Solar storms remove a surprisingly large amount of material from the lunar surface, computer simulations have revealed, leading NASA scientists to speculate that solar storms may also be a major factor in atmospheric loss on Mars and other planets. This is the first time researchers have attempted to predict the effects of sun activity on the Moon. Details of the simulations appear in the Journal of Geophysical Research Planets.
According to Rosemary Killen, from NASA's Goddard Space Flight Center, coronal mass ejections (CMEs) from the Sun impact the lunar surface and atoms are ejected in a process called "sputtering." CMEs - a more intense version of the normal solar wind - are effectively a diffuse stream of plasma that's blown outward from the surface of the Sun. A strong CME may contain around a billion tons of plasma moving at up to a million miles per hour.

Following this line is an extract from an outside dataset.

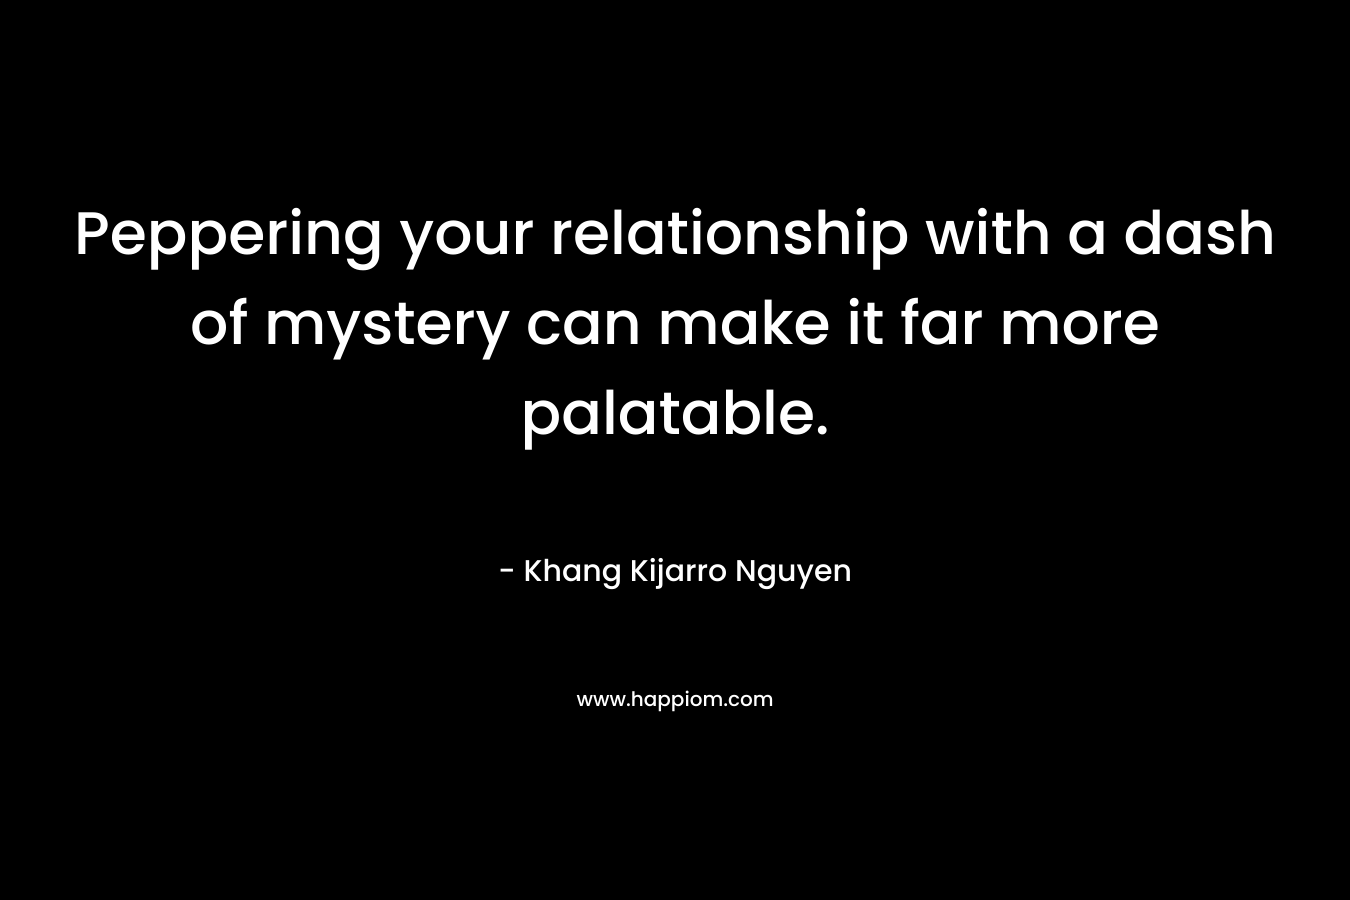 Peppering your relationship with a dash of mystery can make it far more palatable. – Khang Kijarro Nguyen

"The Moon has just the barest wisp of an atmosphere, technically called an exosphere because it is so tenuous, which leaves it vulnerable to CME effects. We found that when this massive cloud of plasma strikes the Moon, it acts like a sandblaster and easily removes volatile material from the surface," explained NASA co-researcher William Farrell. "The model predicts 100 to 200 tons of lunar material could be stripped off the lunar surface during the typical 2-day passage of a CME."